Rambler's Top100
Петербургский театральный журнал

№ 33

2003

Петербургский театральный журнал

 

"Социальность или смерть!"

Беседу c Иваном Вырыпаевым ведет Марина Дмитревская

Хотелось бы ничем не предуведомлять нашу беседу, а только напомнить, что Иван Вырыпаев — актер, режиссер, драматург, что ему около тридцати, что он автор пьес «Сны», «Сентенции», «Валентинов день», «Кислород». В спектакле «Кислород» он играет сам, и мы писали об этом в № 31. С тех пор «Кислород» объехал множество городов и завоевал Гран-при на фестивале «Контакт» в Торуни (Польша).

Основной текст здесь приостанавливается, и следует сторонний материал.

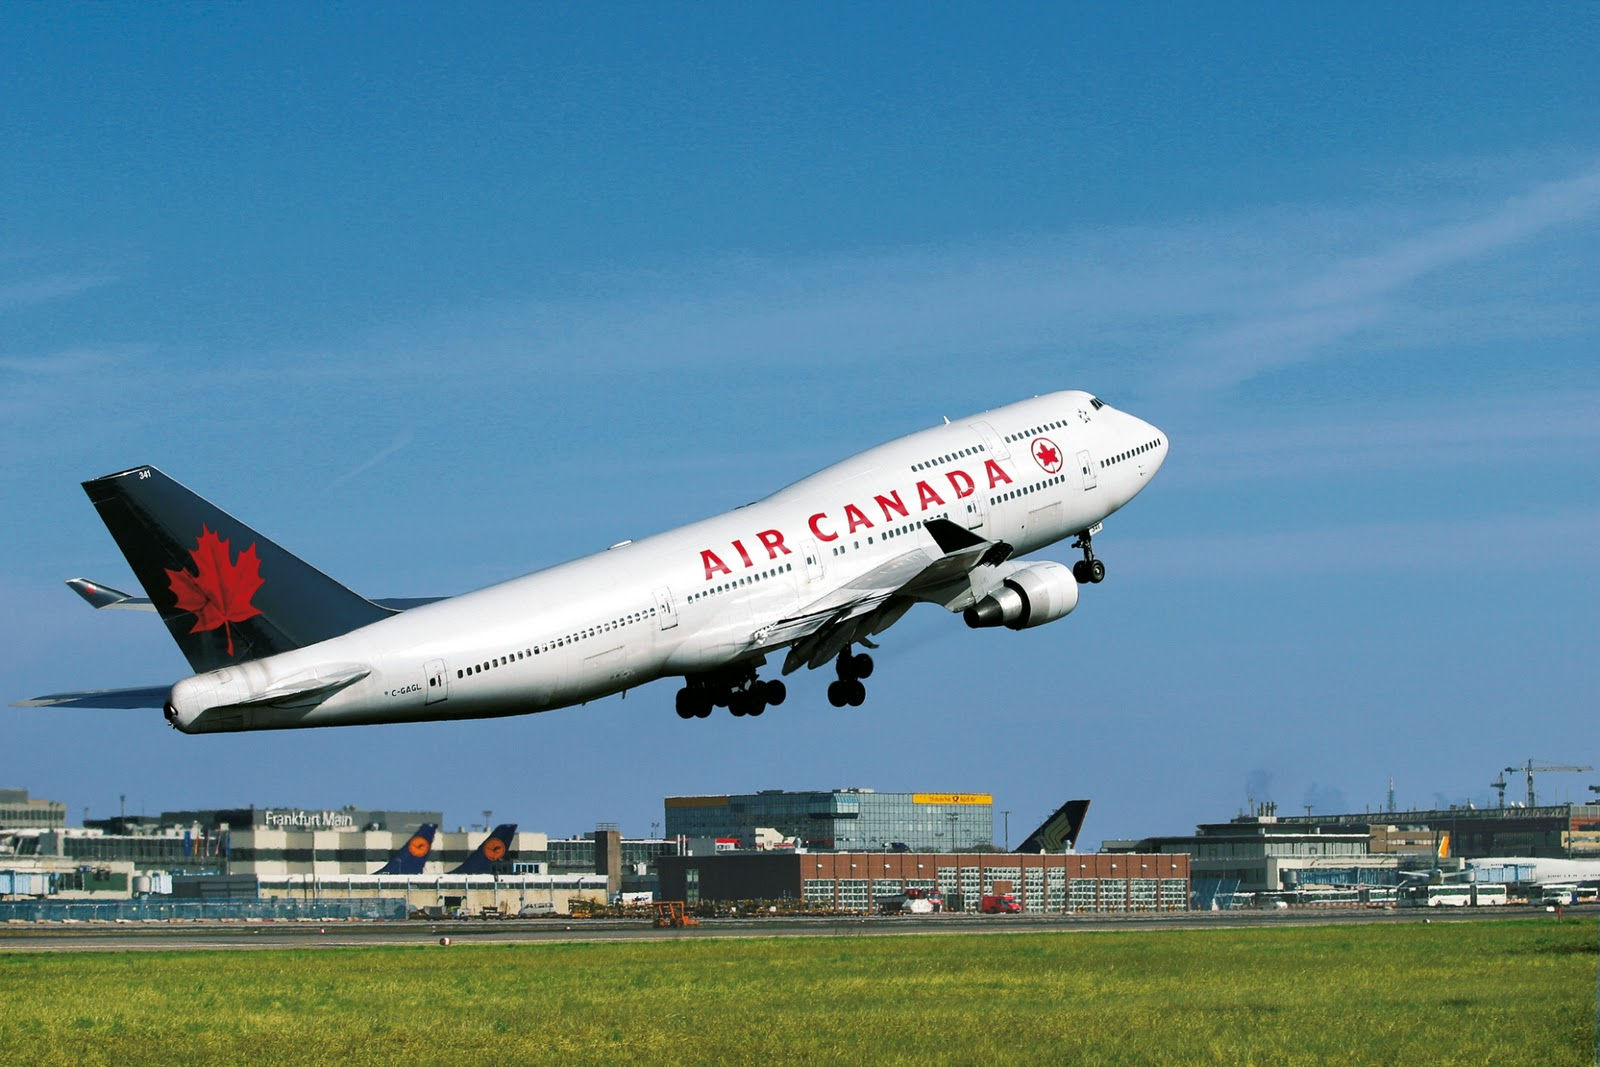 http://4.bp.blogspot.com/-7OrqZY1XEMM/TvCBd2HIp9I/AAAAAAAAHHg/5-VDX2s9B7s/s1600/air_canada_boeing_747.jpg

И все же, поклонница «Кислорода», скажу, что начинала разговор с опаской: баловни Садового кольца и члены драматургического концерна «Моя семья.doc» вызывают настороженность. В итоге Вырыпаев Иван произвел на меня лично (что, собственно, неважно, но приятно — поэтому делюсь) сильное и ясное впечатление. Я встретилась с человеком не только талантливым и самостоятельным, но внятным, глубоко «почвенным», укорененным не на московских газонах, и к тому же образованным. Когда молодой драматург, практически «андеграунд», осознанно произносит слово «Верхарн» и не плюется в сторону мировой культуры — это на сегодняшний день поражает, на глаза наворачиваются слезы благодарности и ты готов сесть за стол и написать новую «Повесть о настоящем человеке». Никто из нас не знает, что сделает с нами жизнь и что сделает она с Ваней Вырыпаевым, но пока он вызывает у меня глубокое уважение своей неожиданно традиционной, вполне социально-романтической концепцией жизни и творчества в этой отдельно взятой стране — России.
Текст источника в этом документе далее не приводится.